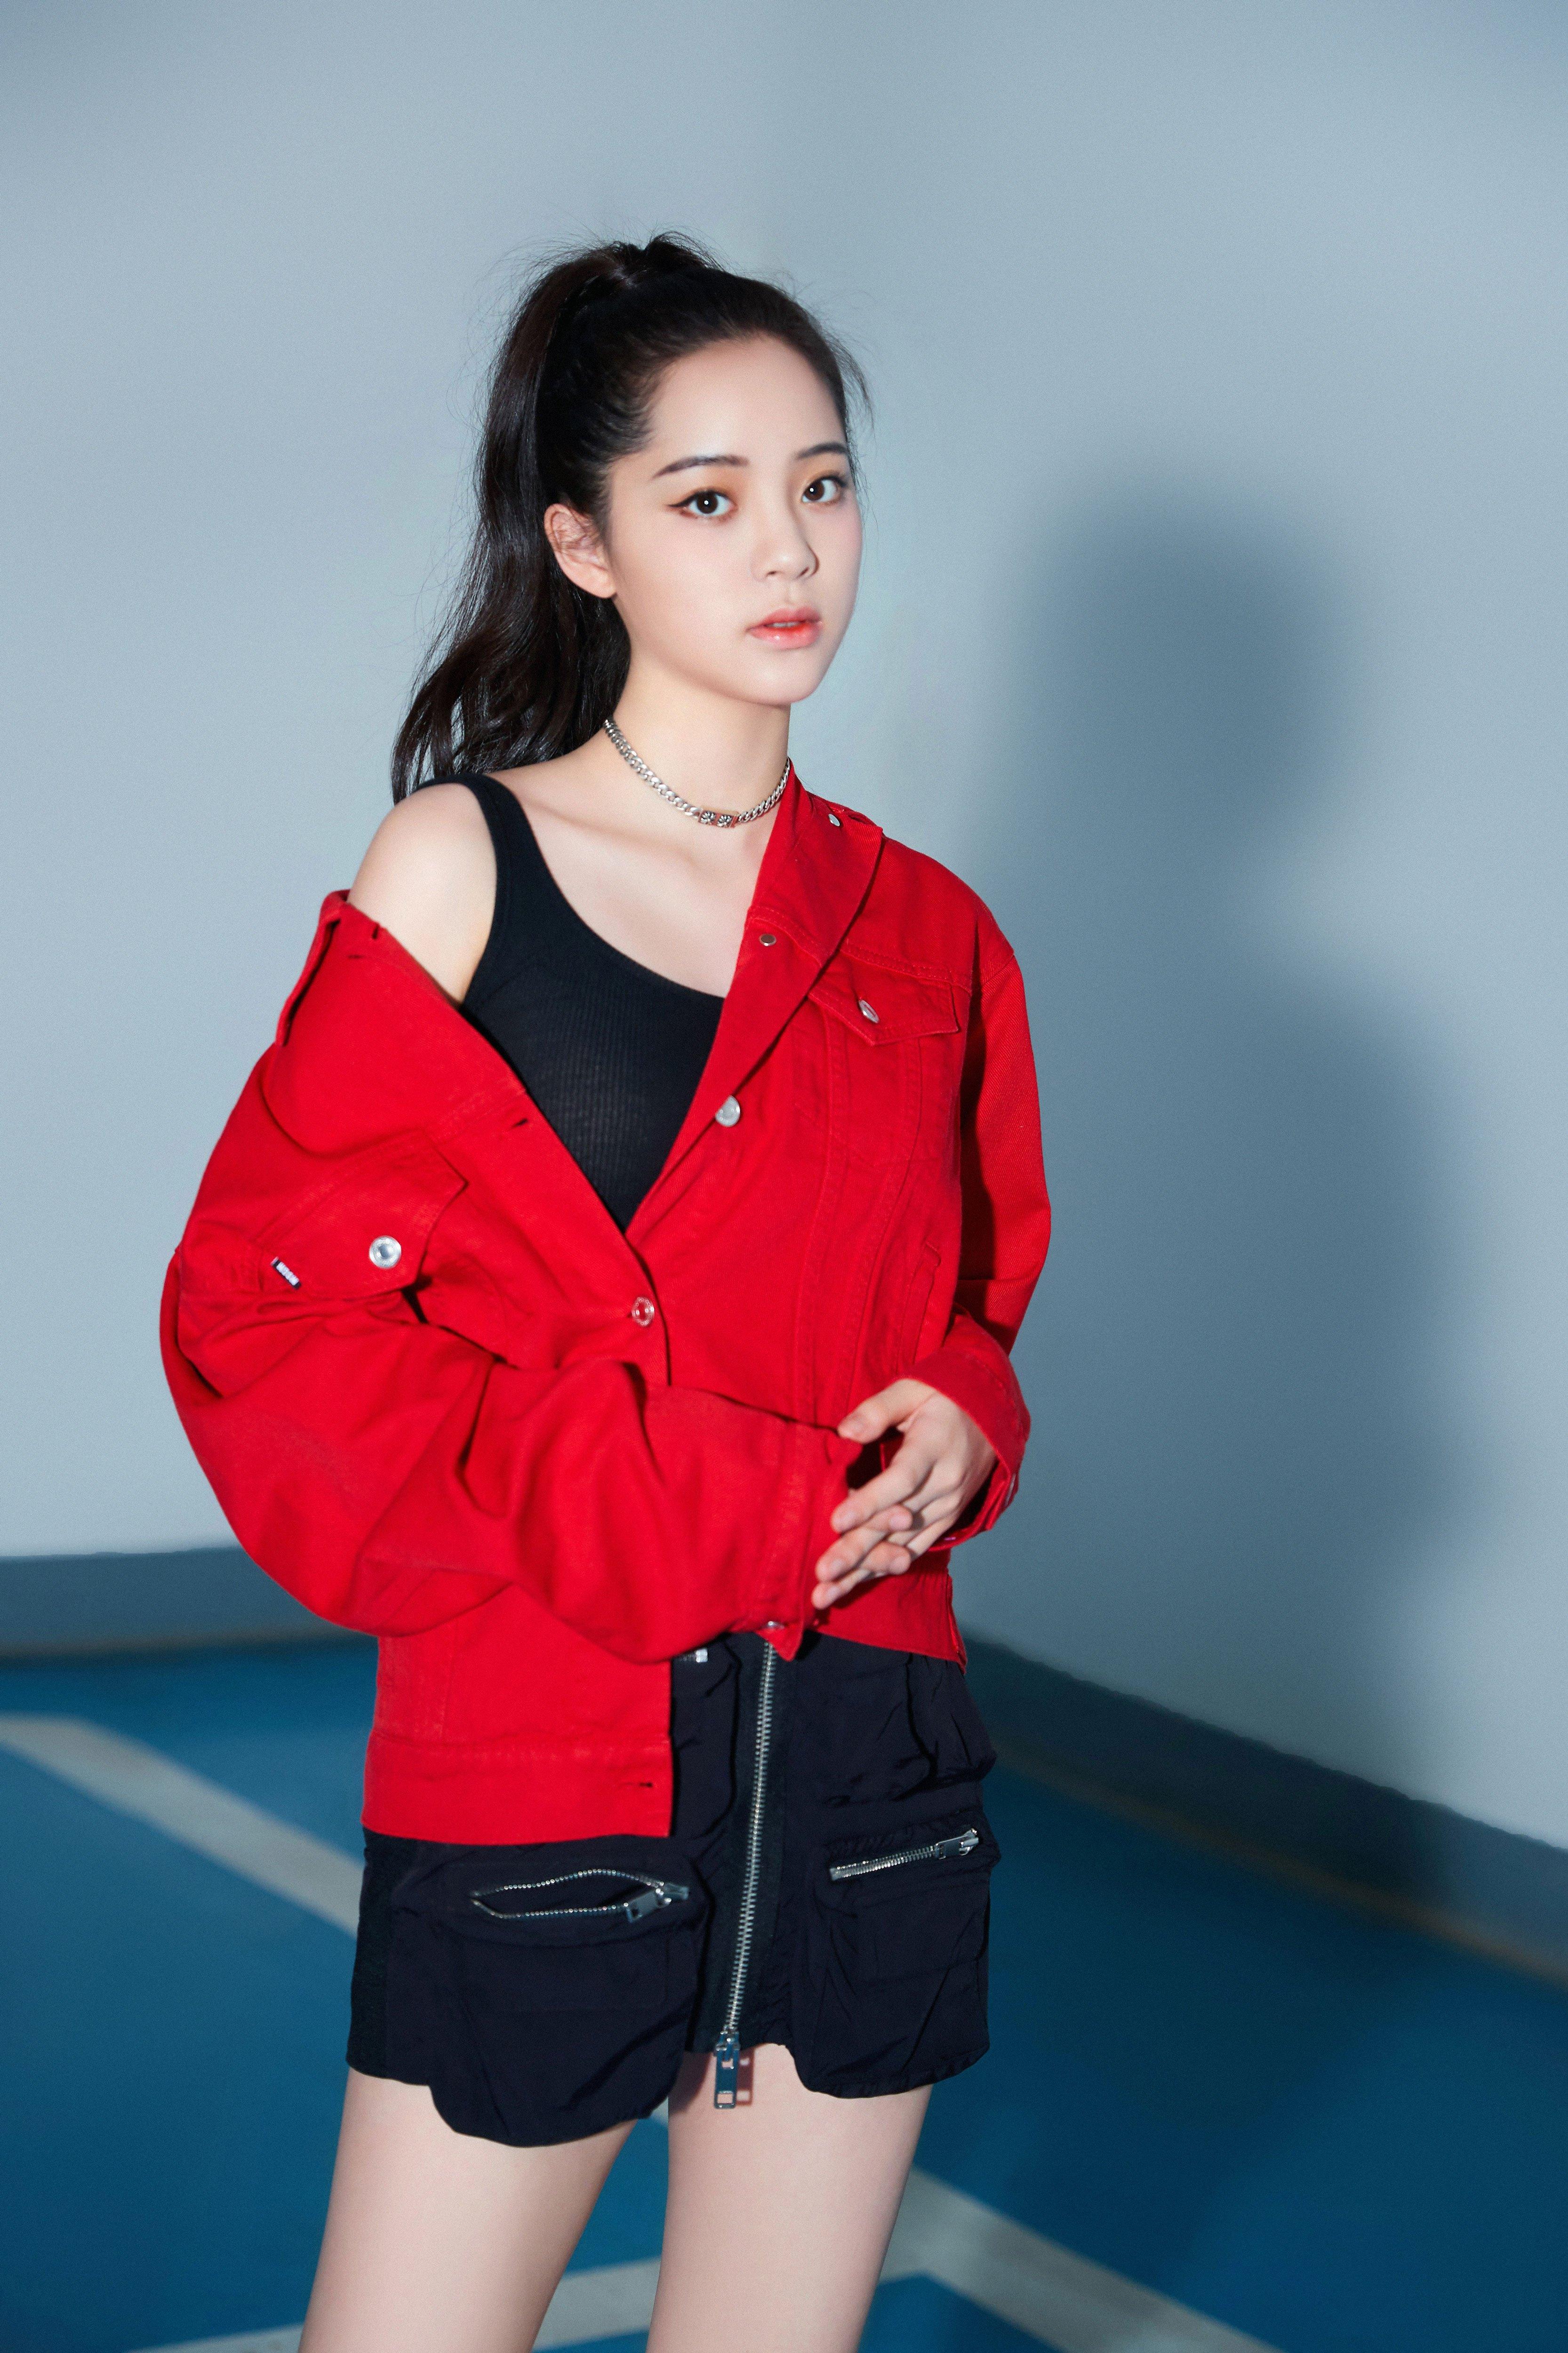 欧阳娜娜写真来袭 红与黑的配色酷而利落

* * *

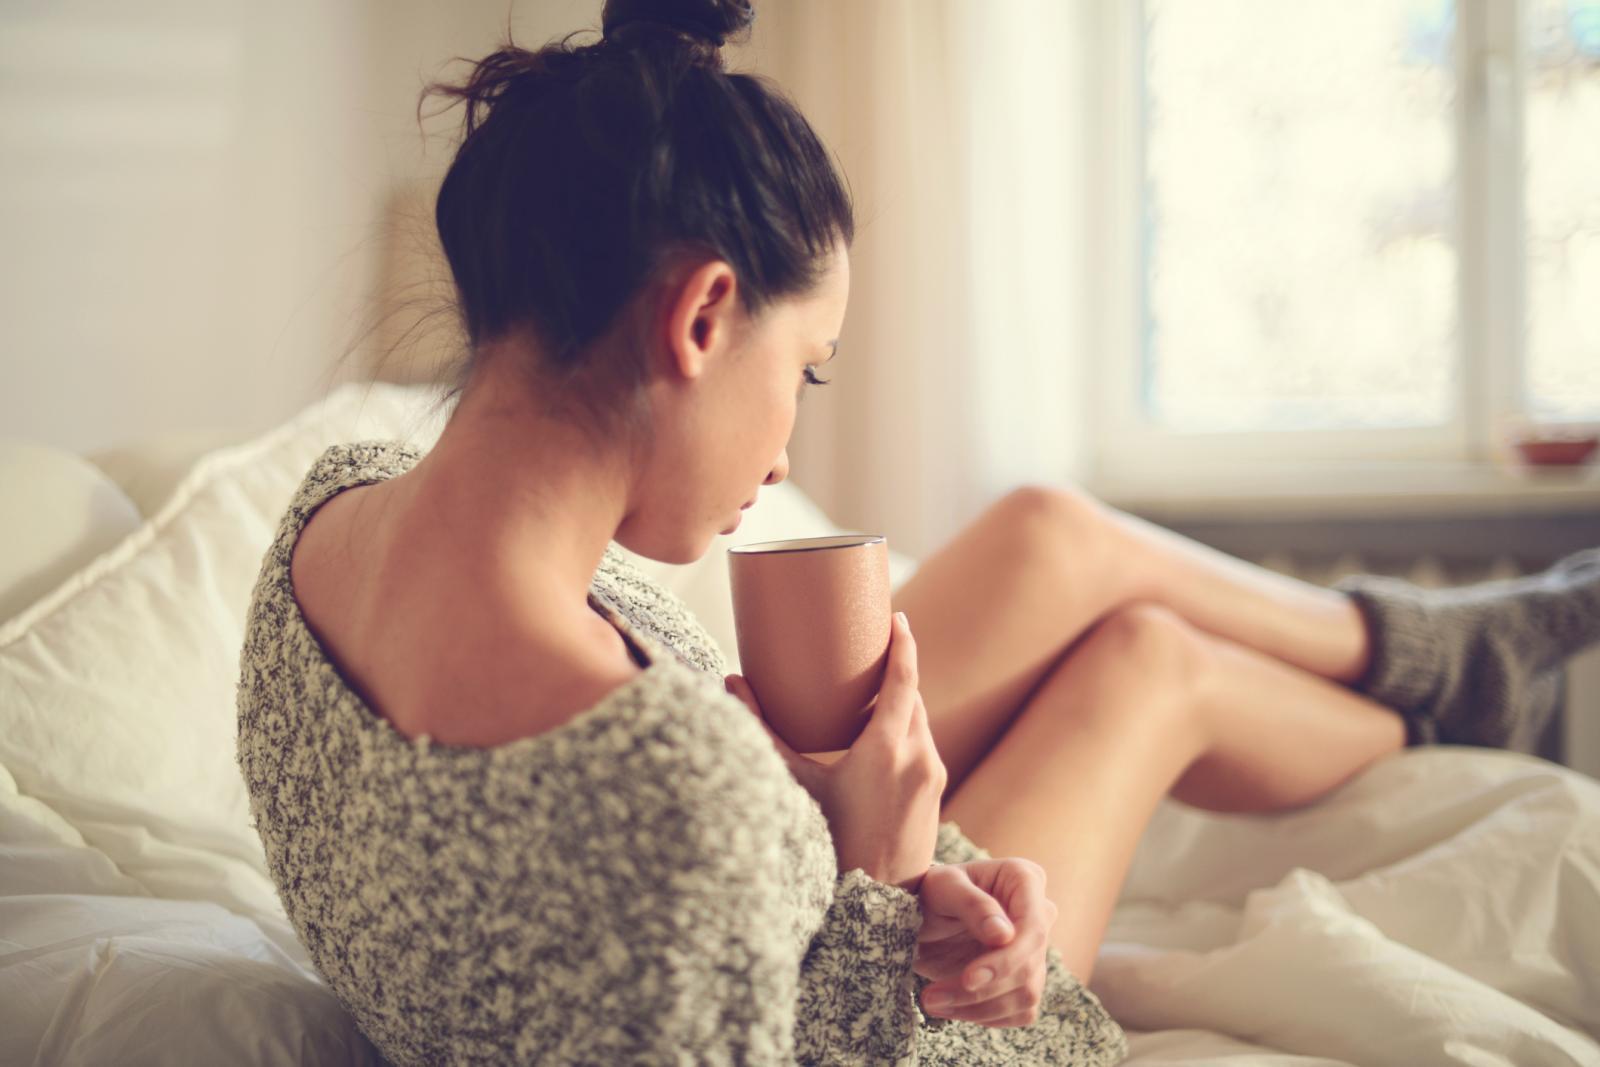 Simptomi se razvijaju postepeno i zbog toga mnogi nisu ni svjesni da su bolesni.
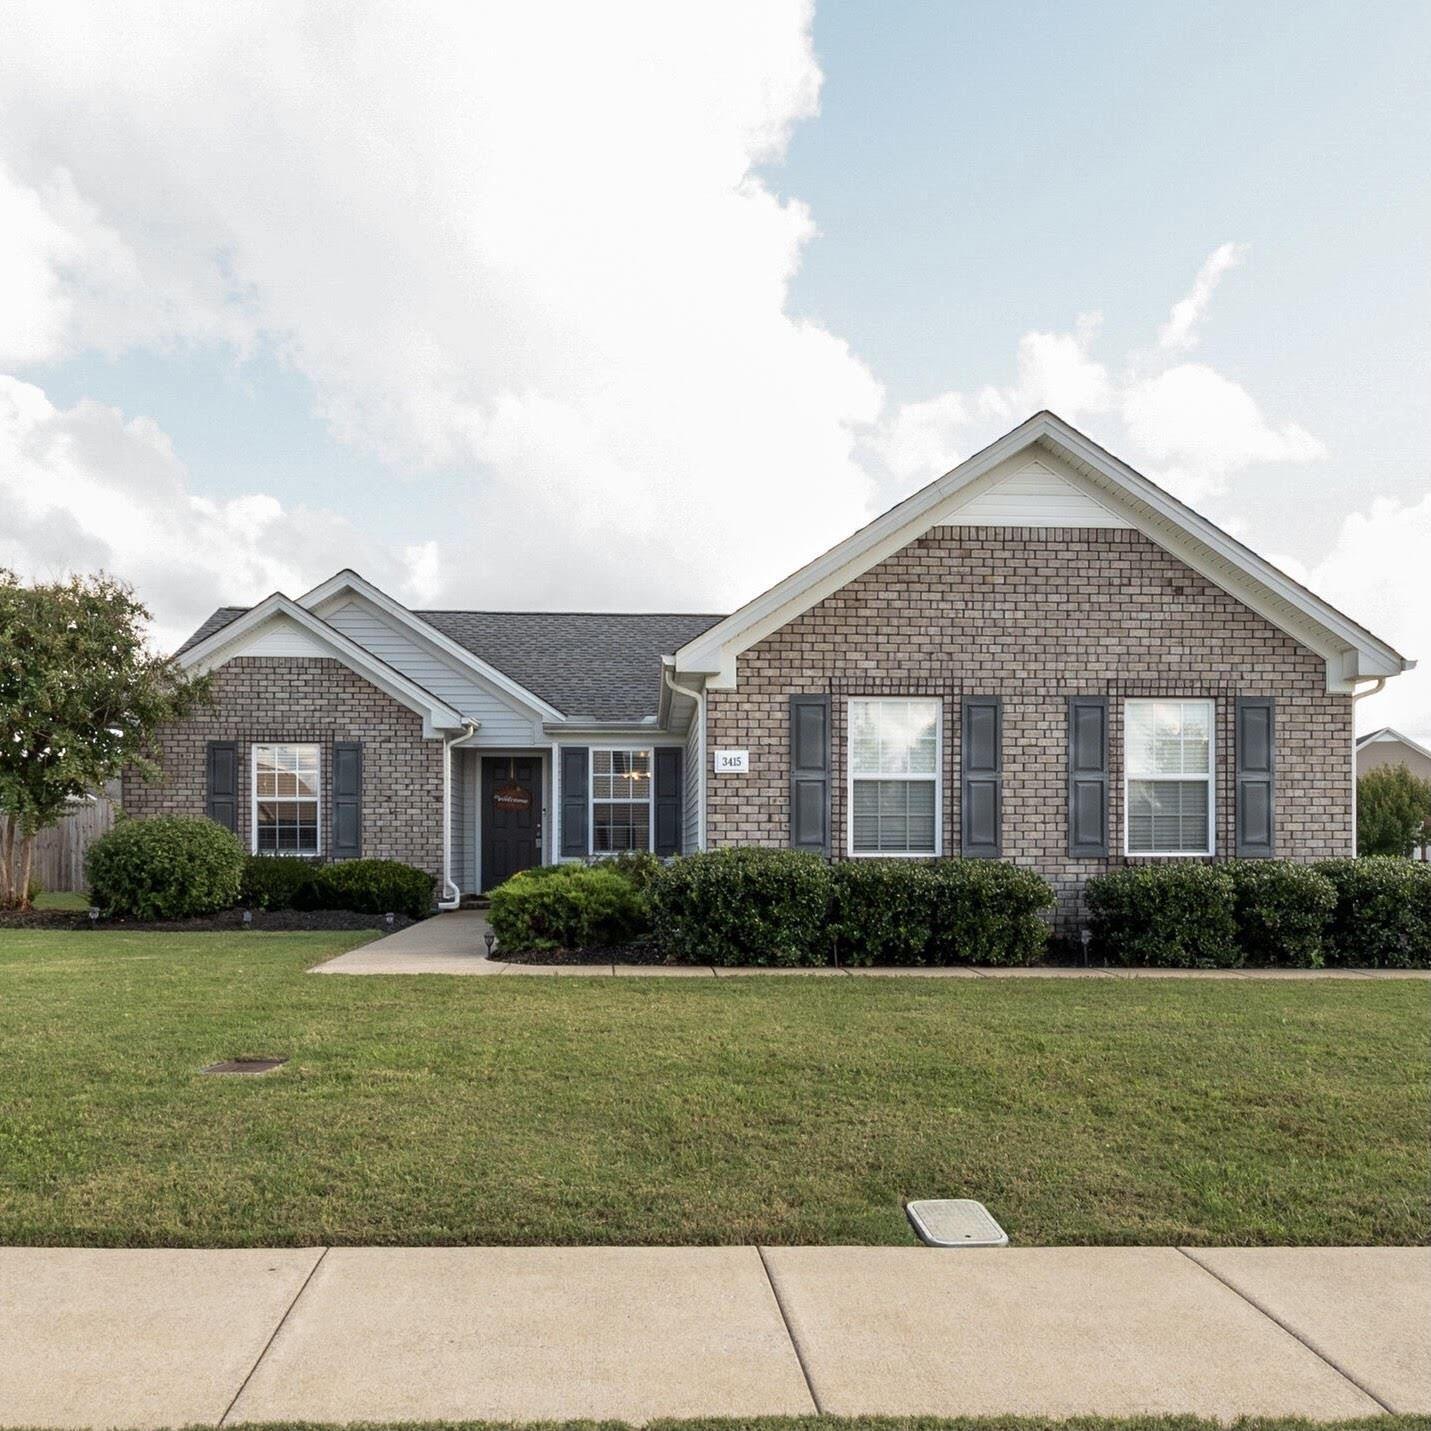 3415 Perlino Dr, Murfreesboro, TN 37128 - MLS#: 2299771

---

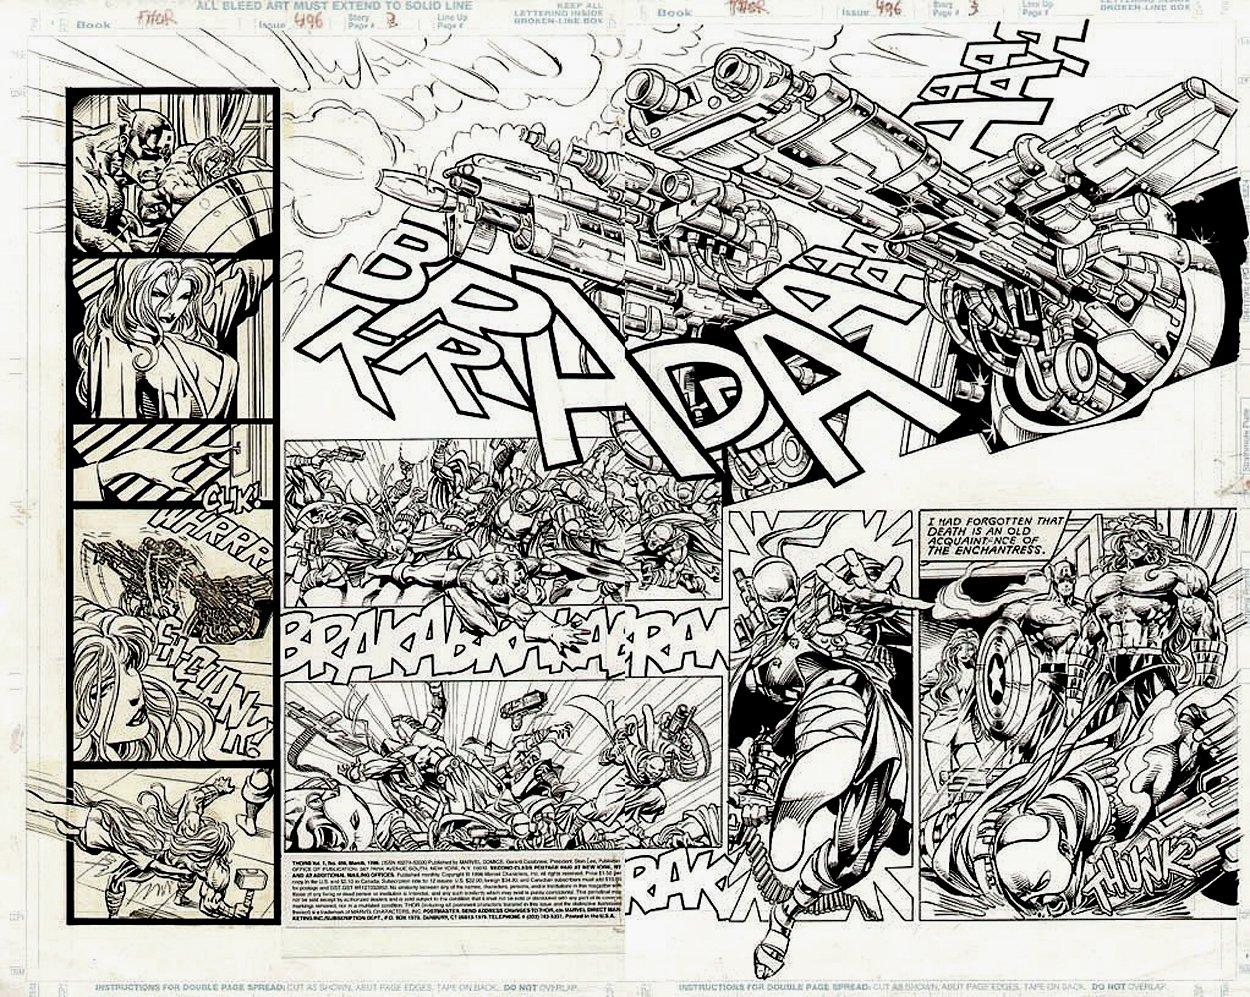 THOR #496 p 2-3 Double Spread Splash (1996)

• Work order:
Among the entries above, take the line with "Simptomi se razvijaju", the line with "3415 Perlino Dr, Murfreesboro, TN", and all the lines between them, and restate them word for word without pictures.

• Solution:
 Simptomi se razvijaju postepeno i zbog toga mnogi nisu ni svjesni da su bolesni.
 3415 Perlino Dr, Murfreesboro, TN 37128 - MLS#: 2299771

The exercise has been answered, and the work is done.